▸ **Work to be completed**
Lines that contain the string "Long" are the ones to list; copy all of them from the records.

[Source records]
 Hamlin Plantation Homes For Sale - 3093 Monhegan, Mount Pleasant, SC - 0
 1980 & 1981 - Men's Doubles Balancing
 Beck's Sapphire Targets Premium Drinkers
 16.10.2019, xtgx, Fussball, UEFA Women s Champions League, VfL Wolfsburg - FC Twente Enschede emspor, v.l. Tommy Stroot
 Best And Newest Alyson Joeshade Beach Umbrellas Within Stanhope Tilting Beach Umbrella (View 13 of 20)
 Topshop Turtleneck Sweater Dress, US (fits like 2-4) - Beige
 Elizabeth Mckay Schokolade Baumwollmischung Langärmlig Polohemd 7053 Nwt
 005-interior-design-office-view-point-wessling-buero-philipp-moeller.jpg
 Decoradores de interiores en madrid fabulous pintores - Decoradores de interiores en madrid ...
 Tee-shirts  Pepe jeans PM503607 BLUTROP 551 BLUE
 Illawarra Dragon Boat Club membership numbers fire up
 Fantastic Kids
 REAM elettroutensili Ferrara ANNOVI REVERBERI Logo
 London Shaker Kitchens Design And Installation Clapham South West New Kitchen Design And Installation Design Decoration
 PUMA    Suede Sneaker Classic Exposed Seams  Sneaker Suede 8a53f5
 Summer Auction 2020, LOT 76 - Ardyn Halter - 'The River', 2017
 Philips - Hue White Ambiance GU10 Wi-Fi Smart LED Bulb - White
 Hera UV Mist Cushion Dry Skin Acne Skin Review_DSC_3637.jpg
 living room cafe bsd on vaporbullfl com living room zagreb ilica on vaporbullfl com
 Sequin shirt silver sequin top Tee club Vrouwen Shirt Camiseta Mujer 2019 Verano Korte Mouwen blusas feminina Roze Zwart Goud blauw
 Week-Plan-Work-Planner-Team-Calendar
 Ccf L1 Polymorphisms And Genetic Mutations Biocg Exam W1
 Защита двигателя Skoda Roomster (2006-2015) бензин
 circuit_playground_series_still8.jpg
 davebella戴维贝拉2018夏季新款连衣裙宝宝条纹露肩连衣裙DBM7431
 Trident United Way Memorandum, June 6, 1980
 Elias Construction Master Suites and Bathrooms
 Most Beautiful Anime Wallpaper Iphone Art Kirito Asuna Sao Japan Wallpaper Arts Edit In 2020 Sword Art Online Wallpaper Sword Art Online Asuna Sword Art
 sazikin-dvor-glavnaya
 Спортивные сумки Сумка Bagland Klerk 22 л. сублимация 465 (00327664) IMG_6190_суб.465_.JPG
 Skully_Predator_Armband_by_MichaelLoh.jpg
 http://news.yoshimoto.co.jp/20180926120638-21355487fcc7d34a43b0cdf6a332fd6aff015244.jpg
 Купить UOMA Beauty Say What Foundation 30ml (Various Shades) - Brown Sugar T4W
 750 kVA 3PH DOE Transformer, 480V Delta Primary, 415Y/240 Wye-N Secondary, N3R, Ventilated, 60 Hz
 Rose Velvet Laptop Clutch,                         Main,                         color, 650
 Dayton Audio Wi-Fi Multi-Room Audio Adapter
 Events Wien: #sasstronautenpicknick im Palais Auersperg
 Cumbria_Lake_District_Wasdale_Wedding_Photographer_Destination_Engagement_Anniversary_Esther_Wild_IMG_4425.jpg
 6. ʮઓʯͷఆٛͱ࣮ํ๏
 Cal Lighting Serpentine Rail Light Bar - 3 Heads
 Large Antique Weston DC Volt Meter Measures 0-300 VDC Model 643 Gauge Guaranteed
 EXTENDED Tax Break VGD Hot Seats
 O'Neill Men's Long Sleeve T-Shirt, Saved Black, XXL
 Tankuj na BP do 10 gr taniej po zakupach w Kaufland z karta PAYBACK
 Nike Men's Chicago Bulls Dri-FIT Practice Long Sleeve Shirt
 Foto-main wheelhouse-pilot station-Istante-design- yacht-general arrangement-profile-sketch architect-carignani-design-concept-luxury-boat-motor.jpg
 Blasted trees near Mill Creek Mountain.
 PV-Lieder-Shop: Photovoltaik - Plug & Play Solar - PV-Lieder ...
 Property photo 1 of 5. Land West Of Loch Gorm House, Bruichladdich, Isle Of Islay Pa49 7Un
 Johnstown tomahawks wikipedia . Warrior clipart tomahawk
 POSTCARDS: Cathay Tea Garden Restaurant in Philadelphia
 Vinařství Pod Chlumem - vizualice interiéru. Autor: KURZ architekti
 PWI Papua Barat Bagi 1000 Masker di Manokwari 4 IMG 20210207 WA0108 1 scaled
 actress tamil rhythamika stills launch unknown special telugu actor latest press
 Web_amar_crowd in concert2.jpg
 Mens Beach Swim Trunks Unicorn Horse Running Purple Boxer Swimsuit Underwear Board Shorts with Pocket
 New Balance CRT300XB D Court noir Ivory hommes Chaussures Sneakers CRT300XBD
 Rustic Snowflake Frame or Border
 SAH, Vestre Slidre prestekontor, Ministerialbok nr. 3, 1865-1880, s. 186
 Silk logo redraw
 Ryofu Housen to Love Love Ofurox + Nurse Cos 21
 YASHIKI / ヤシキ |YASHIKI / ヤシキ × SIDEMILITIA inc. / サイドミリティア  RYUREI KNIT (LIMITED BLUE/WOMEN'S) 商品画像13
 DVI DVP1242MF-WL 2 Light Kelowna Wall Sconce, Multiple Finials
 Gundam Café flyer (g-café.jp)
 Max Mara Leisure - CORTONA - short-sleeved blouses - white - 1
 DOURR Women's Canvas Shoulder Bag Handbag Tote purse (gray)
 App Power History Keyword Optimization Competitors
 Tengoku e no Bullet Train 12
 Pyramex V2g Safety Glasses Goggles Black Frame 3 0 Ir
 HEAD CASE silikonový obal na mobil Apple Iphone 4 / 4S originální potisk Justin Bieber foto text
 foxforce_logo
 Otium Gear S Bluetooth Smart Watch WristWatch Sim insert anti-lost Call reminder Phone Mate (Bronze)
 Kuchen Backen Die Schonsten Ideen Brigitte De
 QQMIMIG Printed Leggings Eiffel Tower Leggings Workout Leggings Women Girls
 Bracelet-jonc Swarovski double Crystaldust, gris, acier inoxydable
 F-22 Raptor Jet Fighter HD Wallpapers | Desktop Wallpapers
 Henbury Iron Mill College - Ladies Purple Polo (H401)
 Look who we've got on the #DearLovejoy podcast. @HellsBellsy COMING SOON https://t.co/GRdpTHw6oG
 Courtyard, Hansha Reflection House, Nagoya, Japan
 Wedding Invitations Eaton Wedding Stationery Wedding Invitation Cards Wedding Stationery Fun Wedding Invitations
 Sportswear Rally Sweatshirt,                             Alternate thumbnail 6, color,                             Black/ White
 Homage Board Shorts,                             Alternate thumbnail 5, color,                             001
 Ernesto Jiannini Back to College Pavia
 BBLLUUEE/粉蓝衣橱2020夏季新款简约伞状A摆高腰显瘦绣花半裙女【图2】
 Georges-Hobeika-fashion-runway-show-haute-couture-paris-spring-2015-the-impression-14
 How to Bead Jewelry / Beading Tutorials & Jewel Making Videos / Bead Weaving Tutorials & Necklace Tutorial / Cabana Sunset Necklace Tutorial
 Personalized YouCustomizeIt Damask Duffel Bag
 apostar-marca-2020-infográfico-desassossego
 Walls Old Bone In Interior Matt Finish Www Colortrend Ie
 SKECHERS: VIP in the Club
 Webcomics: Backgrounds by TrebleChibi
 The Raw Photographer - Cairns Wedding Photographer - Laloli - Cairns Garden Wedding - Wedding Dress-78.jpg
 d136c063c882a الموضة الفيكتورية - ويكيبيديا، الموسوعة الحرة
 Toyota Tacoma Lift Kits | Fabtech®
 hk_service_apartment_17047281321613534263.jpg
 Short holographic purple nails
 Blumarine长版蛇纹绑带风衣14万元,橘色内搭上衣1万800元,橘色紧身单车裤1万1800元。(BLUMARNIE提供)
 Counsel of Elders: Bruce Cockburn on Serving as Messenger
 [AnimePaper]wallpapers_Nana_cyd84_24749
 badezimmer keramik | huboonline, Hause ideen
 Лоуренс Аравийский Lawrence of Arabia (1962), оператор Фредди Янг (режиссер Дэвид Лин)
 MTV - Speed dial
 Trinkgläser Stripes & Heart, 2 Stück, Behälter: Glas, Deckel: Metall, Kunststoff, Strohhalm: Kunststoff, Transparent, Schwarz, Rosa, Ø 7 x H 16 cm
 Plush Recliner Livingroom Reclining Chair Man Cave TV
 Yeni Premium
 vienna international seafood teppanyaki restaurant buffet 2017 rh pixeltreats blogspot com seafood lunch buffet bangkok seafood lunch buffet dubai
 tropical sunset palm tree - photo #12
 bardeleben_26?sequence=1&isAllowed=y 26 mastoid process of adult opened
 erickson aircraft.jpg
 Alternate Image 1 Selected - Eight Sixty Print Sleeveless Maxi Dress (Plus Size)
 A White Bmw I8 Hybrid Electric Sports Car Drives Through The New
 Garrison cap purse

▸ **Answer for this exercise**
 O'Neill Men's Long Sleeve T-Shirt, Saved Black, XXL
 Nike Men's Chicago Bulls Dri-FIT Practice Long Sleeve Shirt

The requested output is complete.